= How to complete this task =
Reproduce exactly the lines of this material that begin at the line with "The region of" and end at the line with "Sanremo, Italy - 07-07-2021: The", both included. Omit the pictures and everything else.

= The records =
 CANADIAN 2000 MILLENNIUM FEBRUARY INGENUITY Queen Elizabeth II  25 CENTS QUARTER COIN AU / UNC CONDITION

--

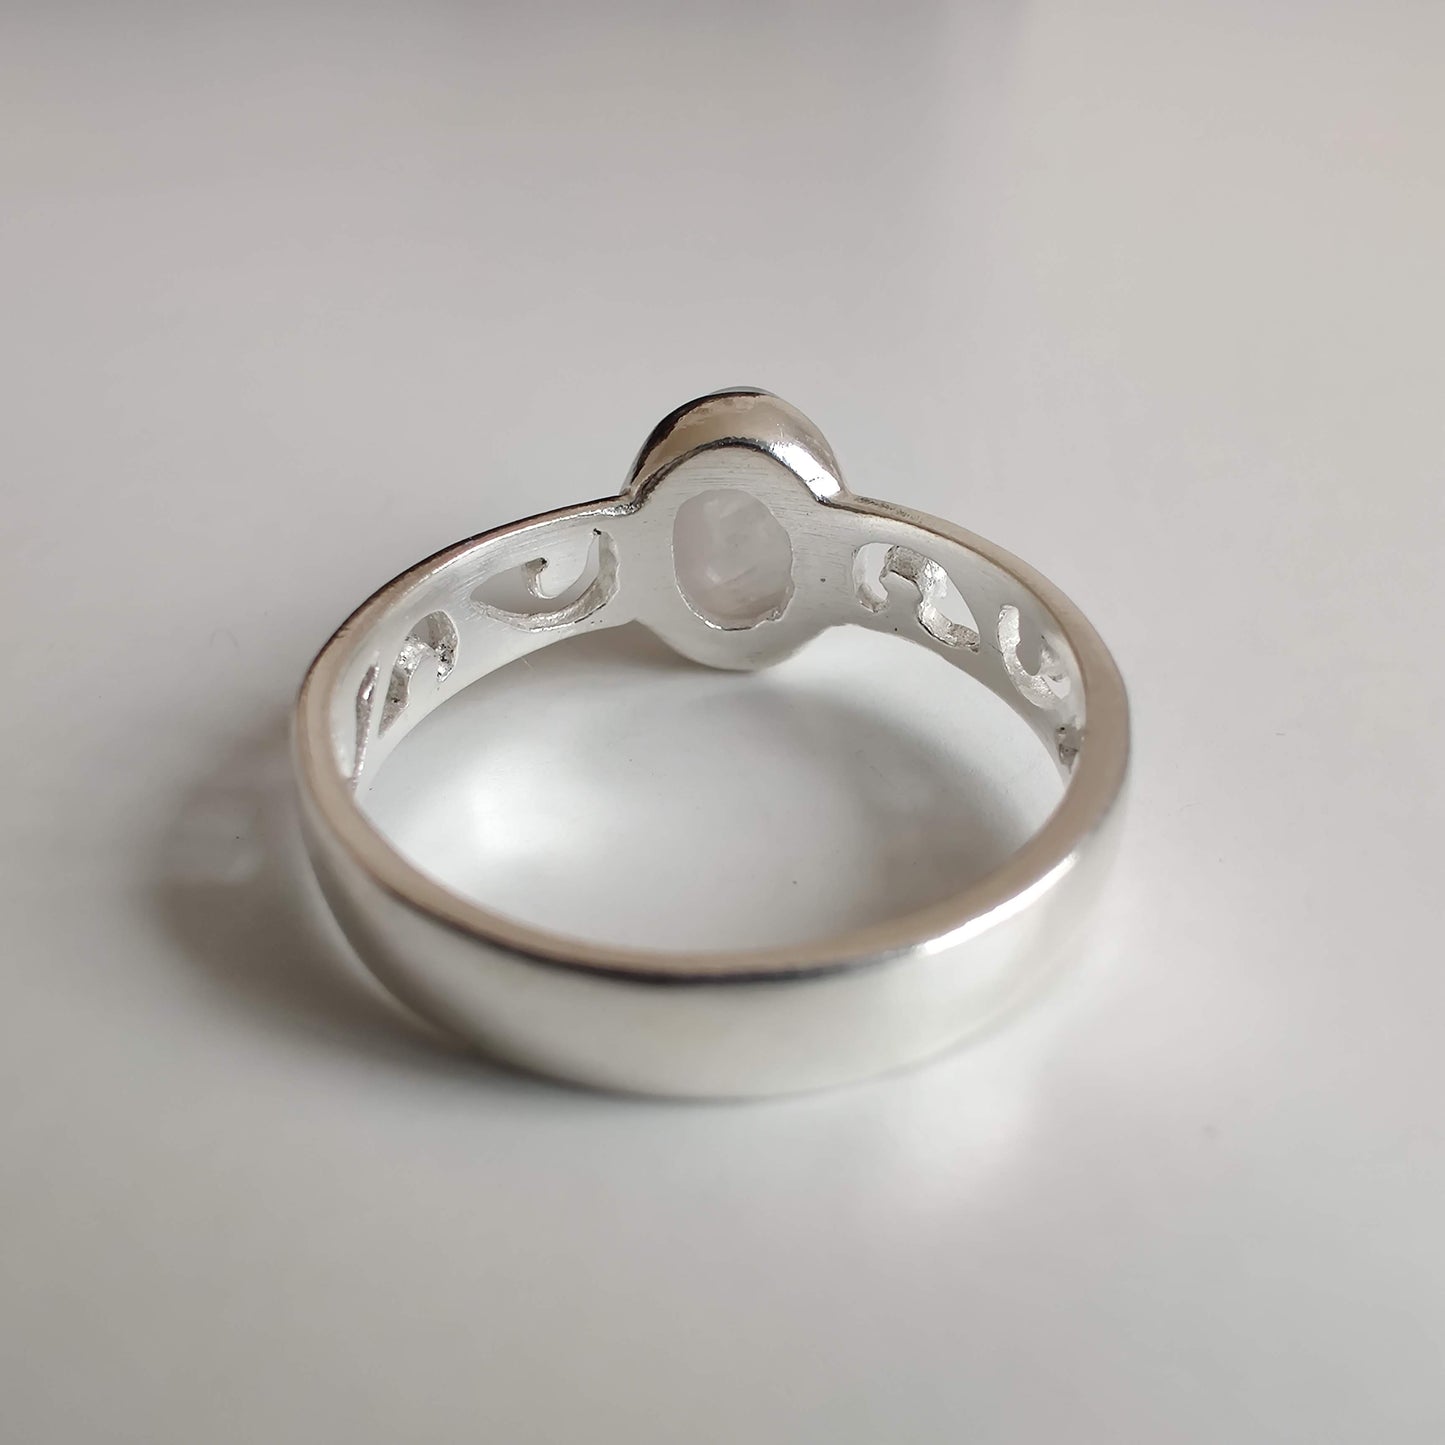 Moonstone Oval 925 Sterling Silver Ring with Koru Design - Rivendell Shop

* * *

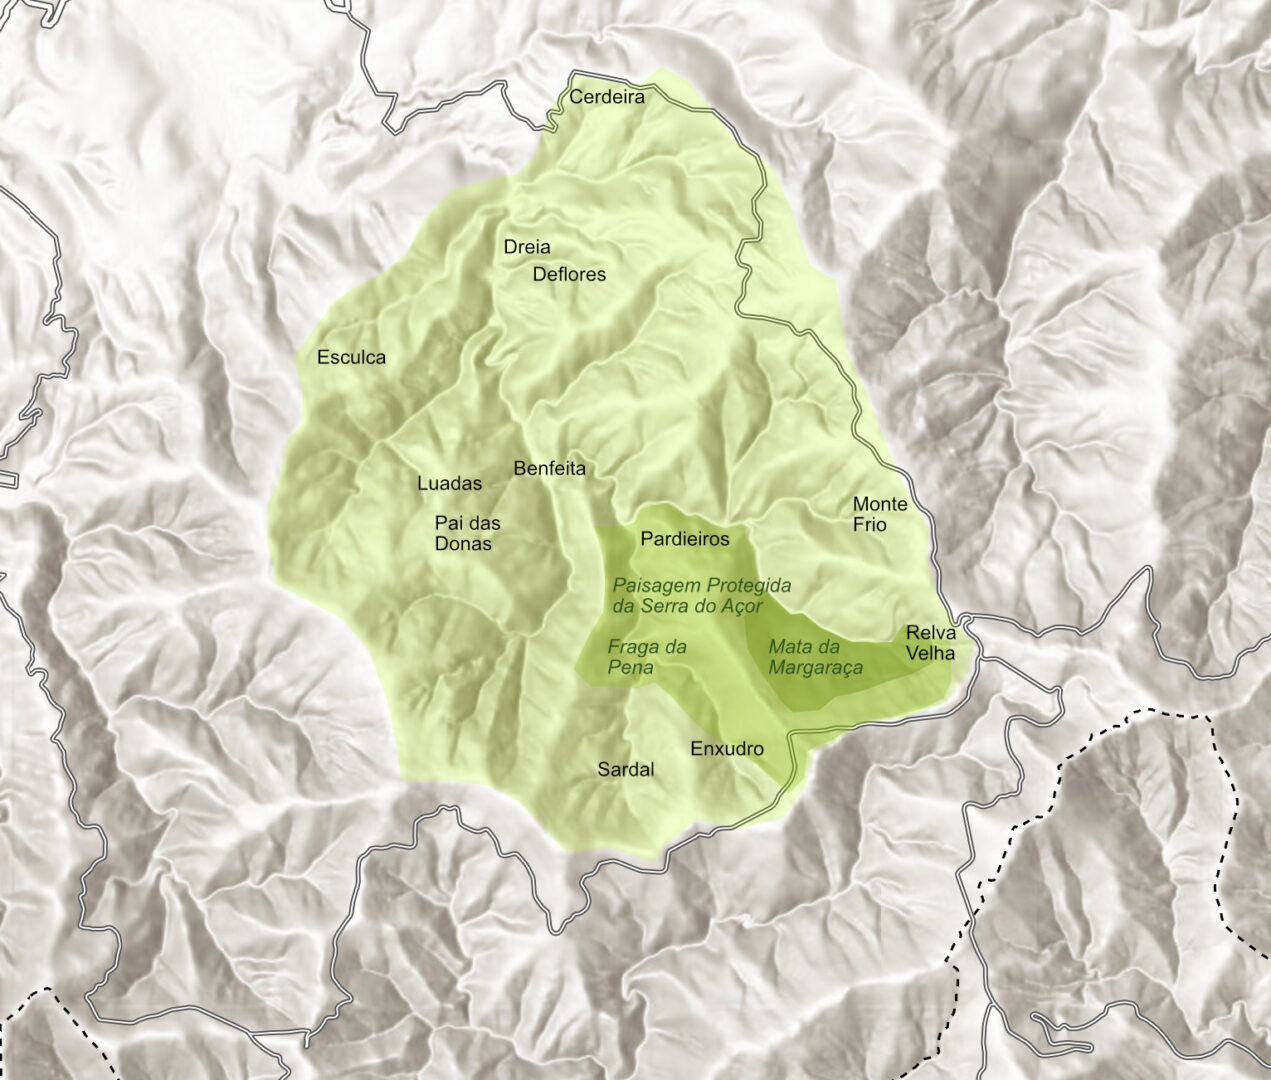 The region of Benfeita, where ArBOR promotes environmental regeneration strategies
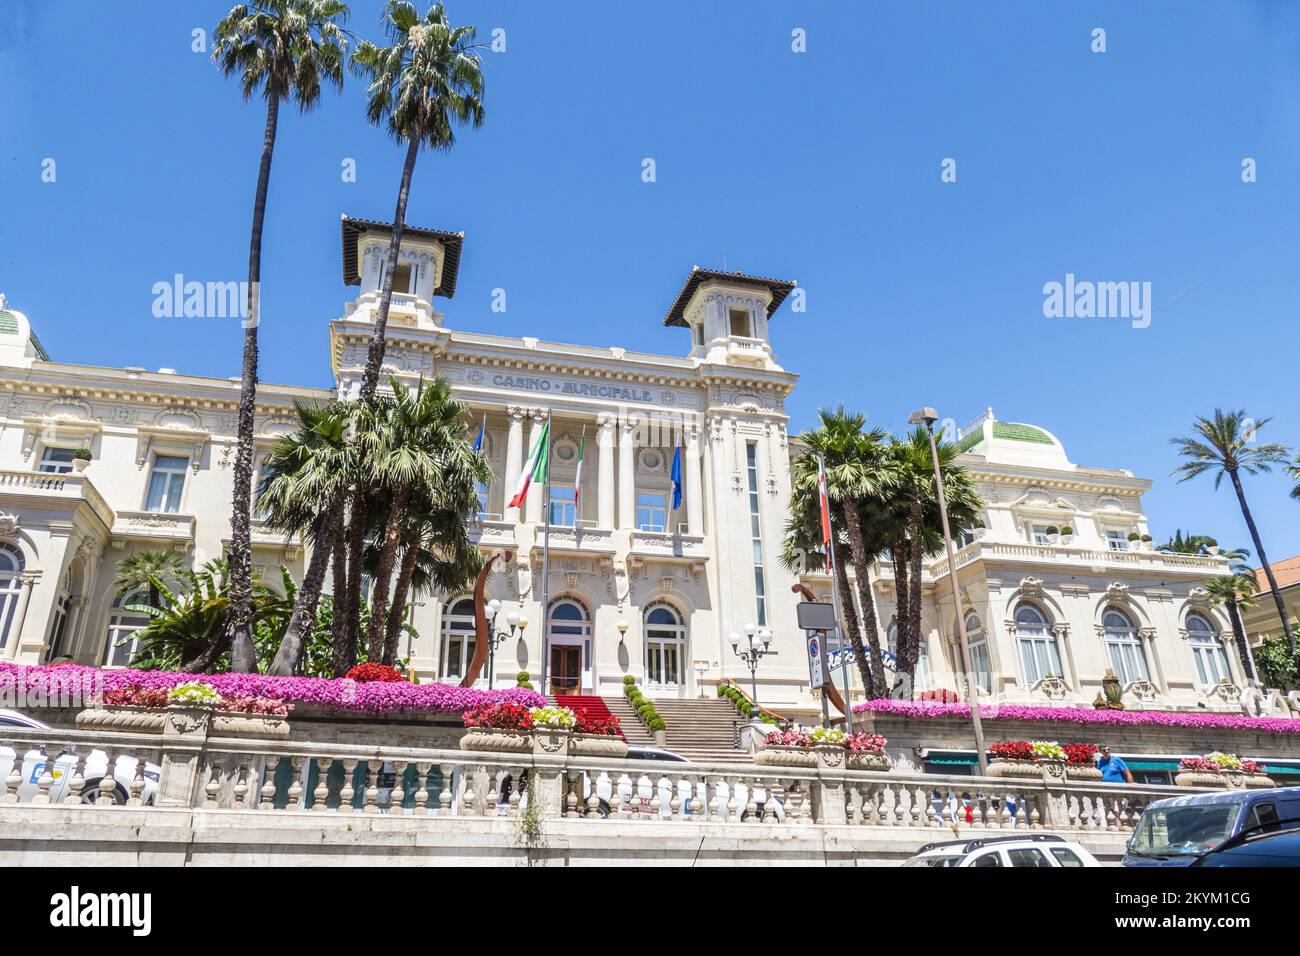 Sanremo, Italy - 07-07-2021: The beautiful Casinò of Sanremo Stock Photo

= Response box =
 The region of Benfeita, where ArBOR promotes environmental regeneration strategies
 Sanremo, Italy - 07-07-2021: The beautiful Casinò of Sanremo Stock Photo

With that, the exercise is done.